After performing description, we perform matching on sets of keypoints and descriptors from two different images. We begin the matching process by finding the nearest neighbor in the opposing set of keypoints for each keypoint from either image. We then perform pruning to remove incorrect matches. The first pruning step involves enforcing cyclic consistency. If a keypoint in Image A, K_a, has a nearest neighbor in Image B, K_b, then this correspondence is pruned if the nearest image in Image A for K_b is not K_a. The second pruning step involves a ratio test between the first and second nearest neighbor for keypoints in Image A. Given a keypoint K_a in Image A, let the first nearest neighbor in Image B be K_1 and the second nearest neighbor in Image B be K_2. The correspondence (K_a, K_1) is pruned if dist(K_a, K_1) / dist(K_a, K_2) is not below a certain threshold. This intuitively only allows correspondences that are deemed reliable.
Below are visualizations of the correspondneces between 2 images with the two pruning techniques already applied: We see that there are still many incorrect correspondences.
In part a of Project 4, we used a direct linear transform to calculate the homography between the 2 images. This technique would lead to failures in our new scheme due to the existence and proliferation of outliers. Therefore, we must use an algorithm called RANSAC in order to calculate a homography robust to these outliers. RANSAC uses noisy data to estimate a model that fits a non-noisy subset of the data. It does this by iteratively estimating a model, then segmenting the data into an inlier set and an outlier set. It uses the inlier set to update the model, repeating until the inlier set grows to a certain threshold. We can see the effect of RANSAC below. On the same image pairs shown in the previous section, we see that RANSAC has extracted the inlier set corresponding to the true homography:
We can compare results from part a and part b. One of the major benefits of using auto keypoint matching is the mitigation of slight misalignment errors. The overlapping regions in the mosaic between the input images doesn't have weird ghosting effects since they are truly properly aligned.

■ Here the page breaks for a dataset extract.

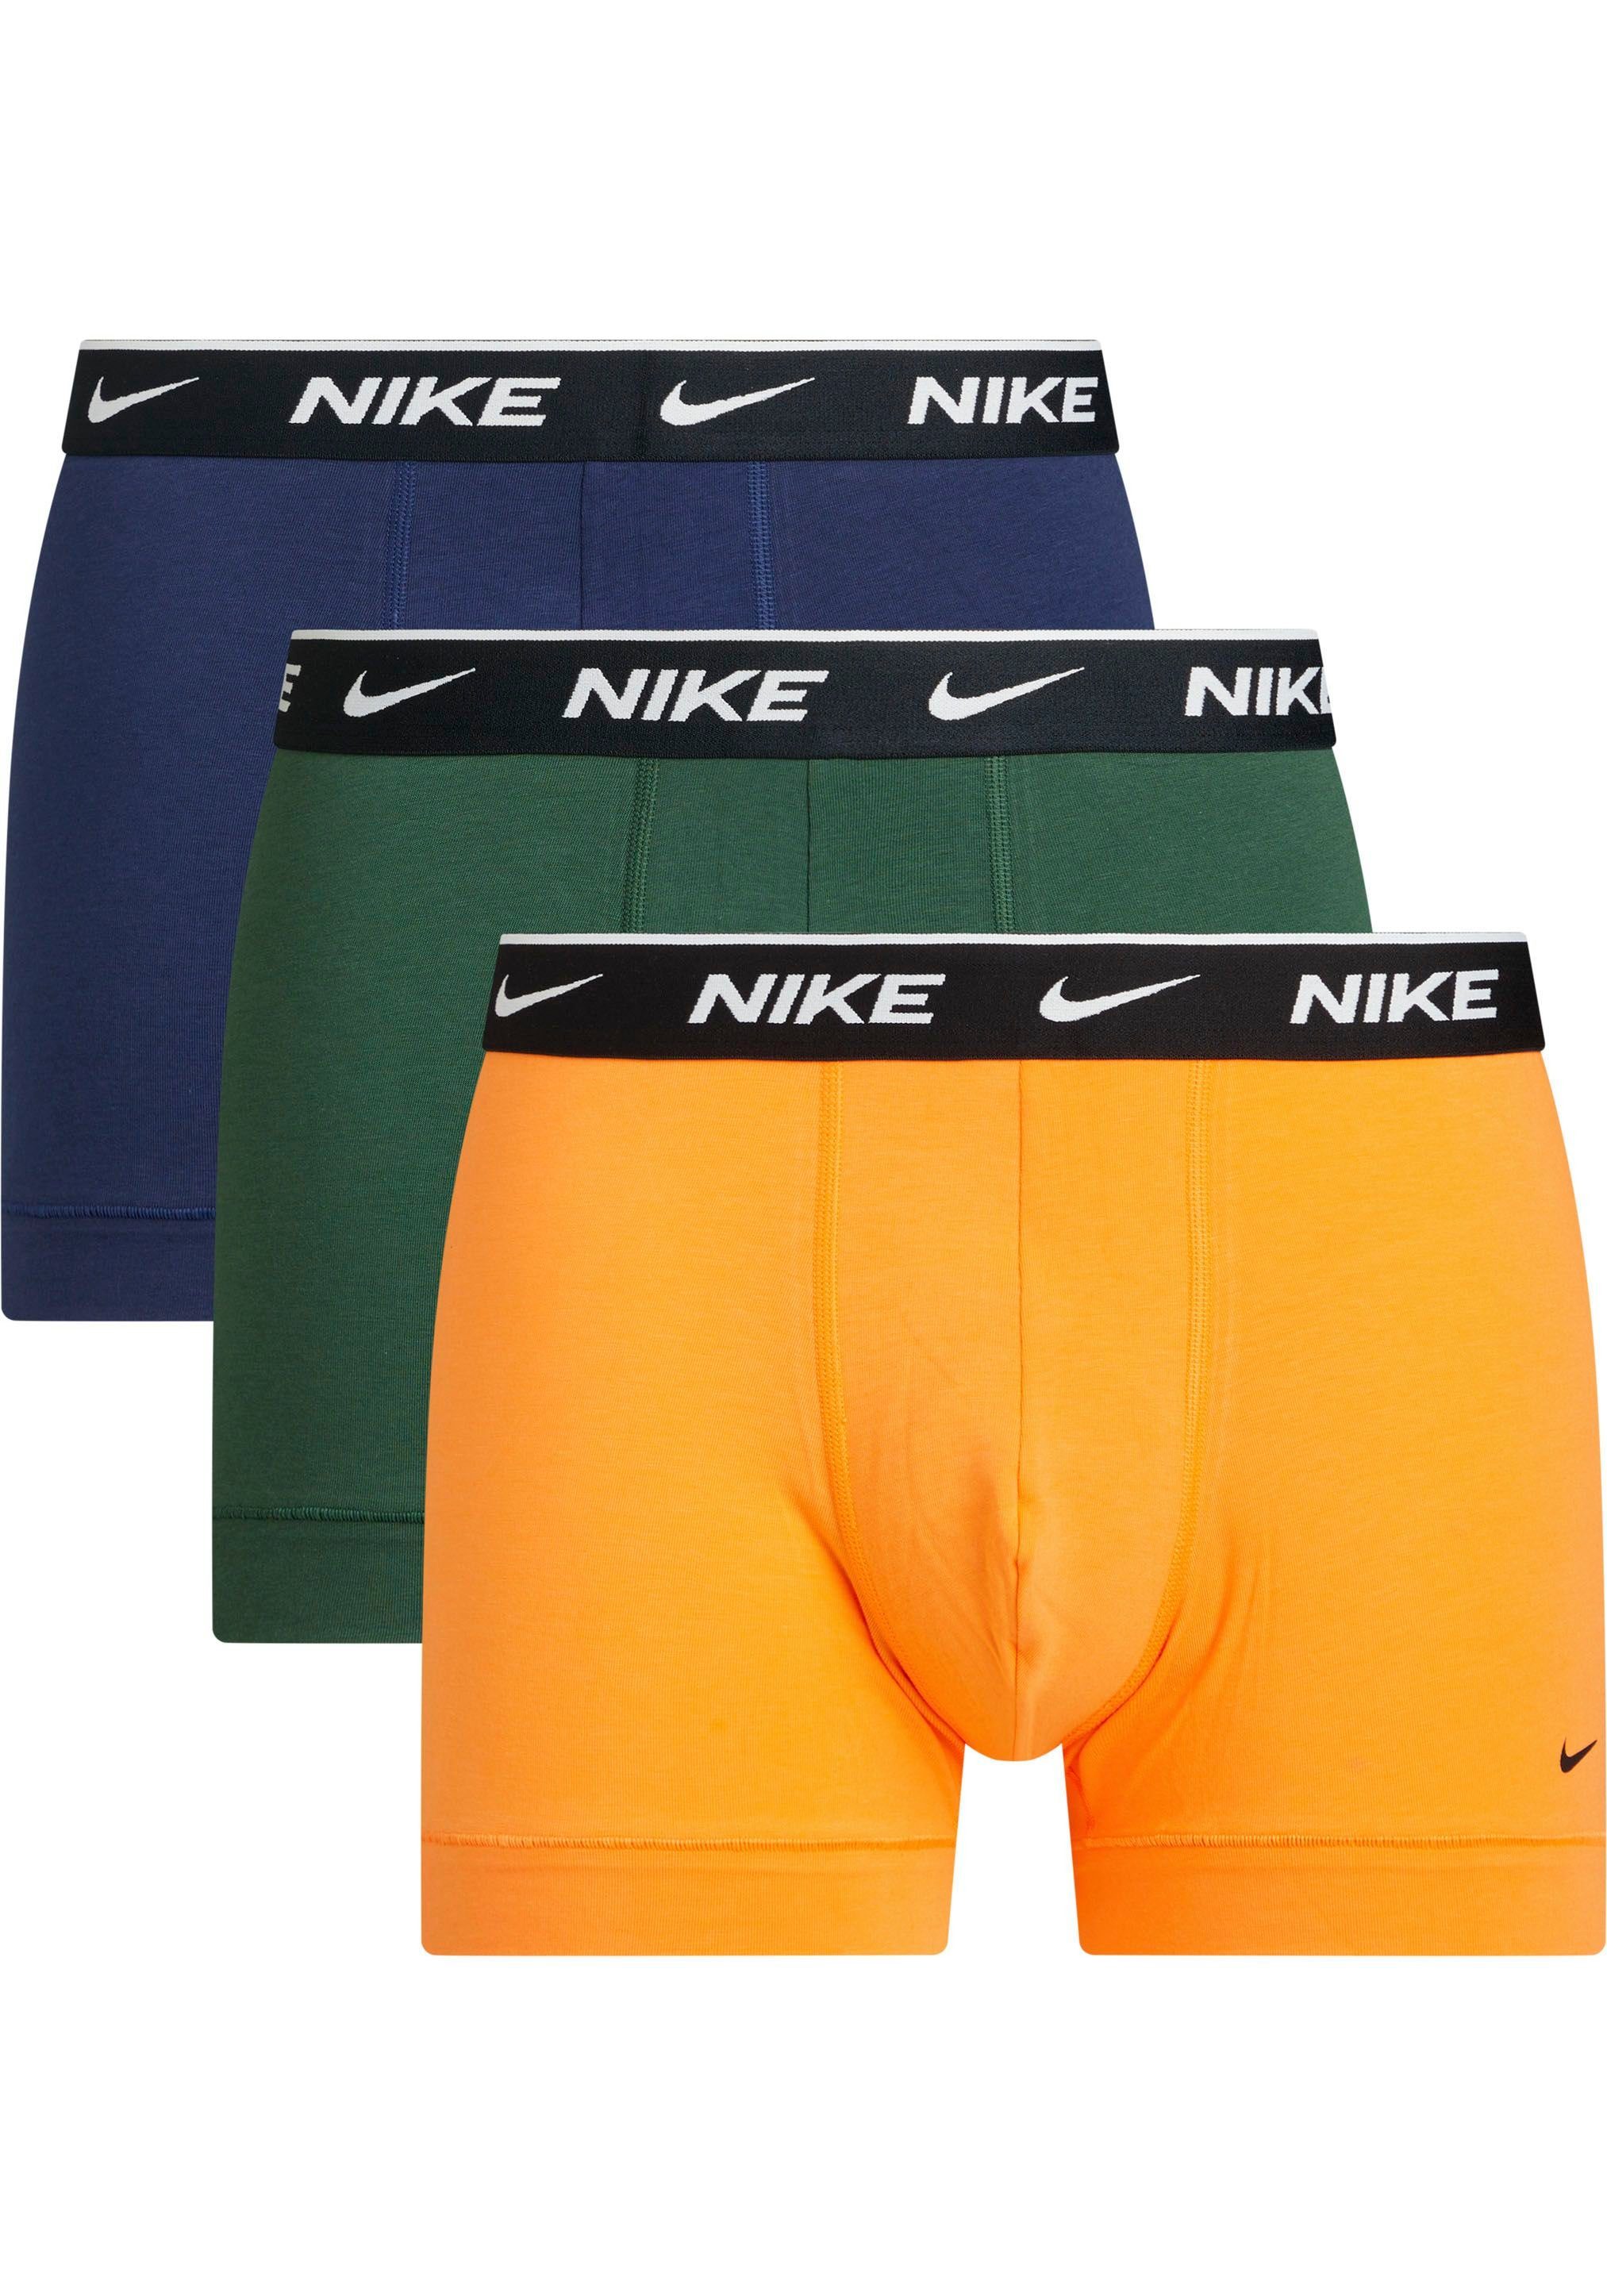 Nike Boxershort met labeldetail in een set van 3 stuks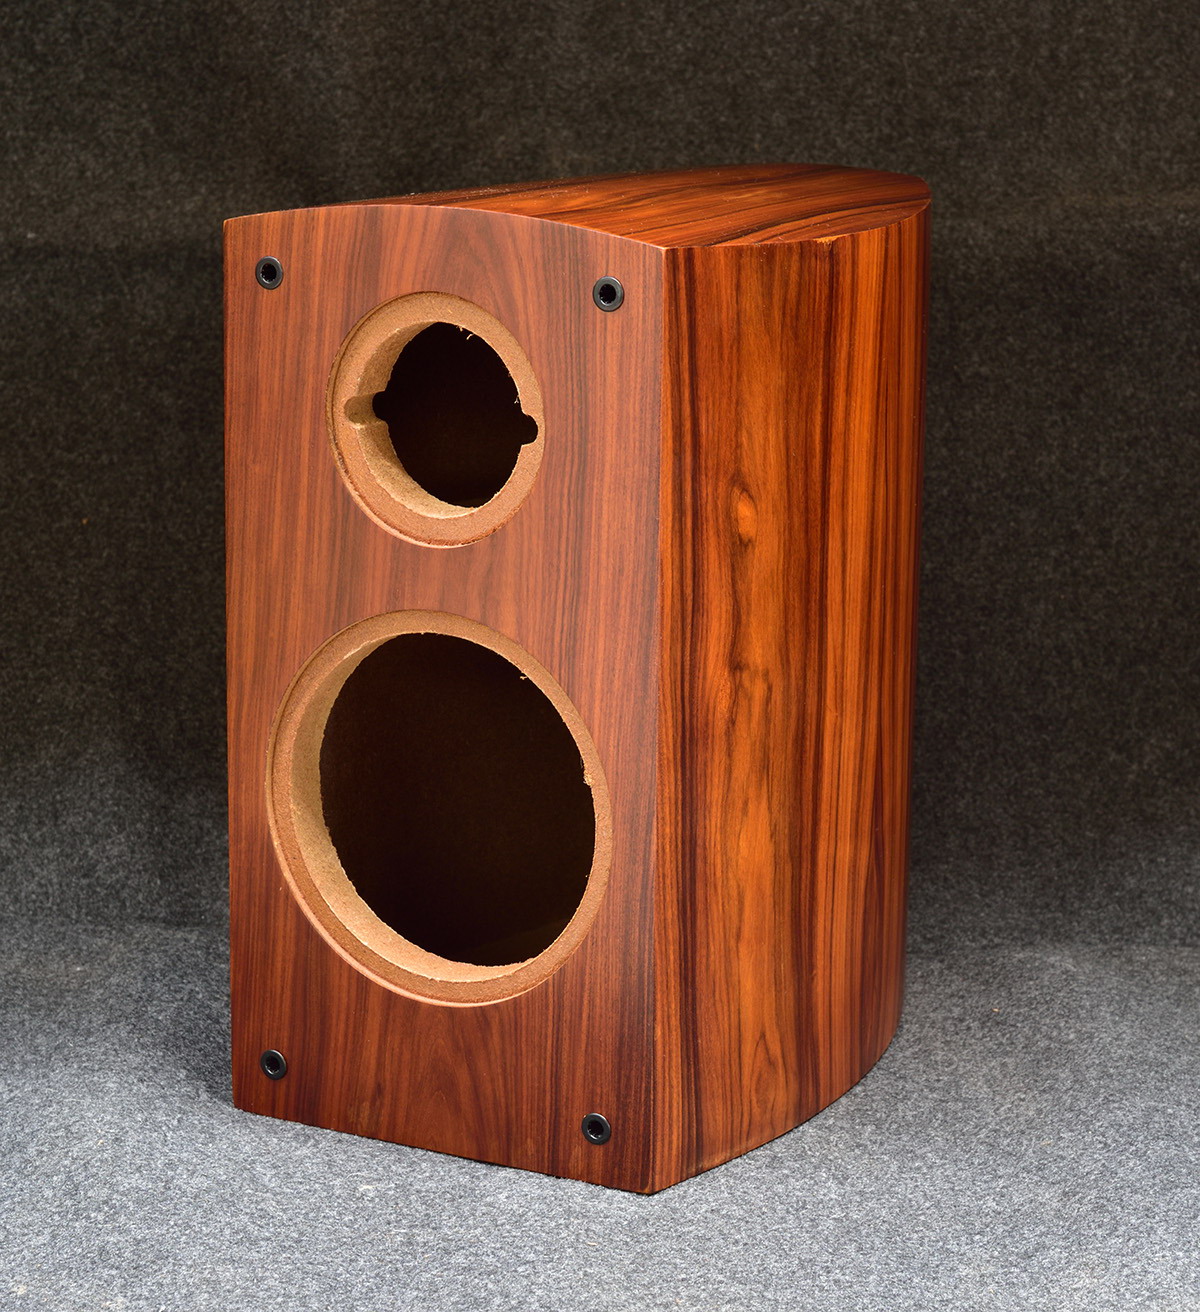 6.5 speaker enclosure design

Part A Result | Part B Result |
---|---|
And one last result from part b:
I think the visualization of how effective RANSAC was at recovering an inlier set from a set of noisy data was really cool. Several times, I thought there was an issue with RANSAC not finding my correct correspondences. Each time, though, it turned out the issue was somewhere else in my pipeline, and RANSAC was performing just fine and there simply wasn't an inlier set to converge to.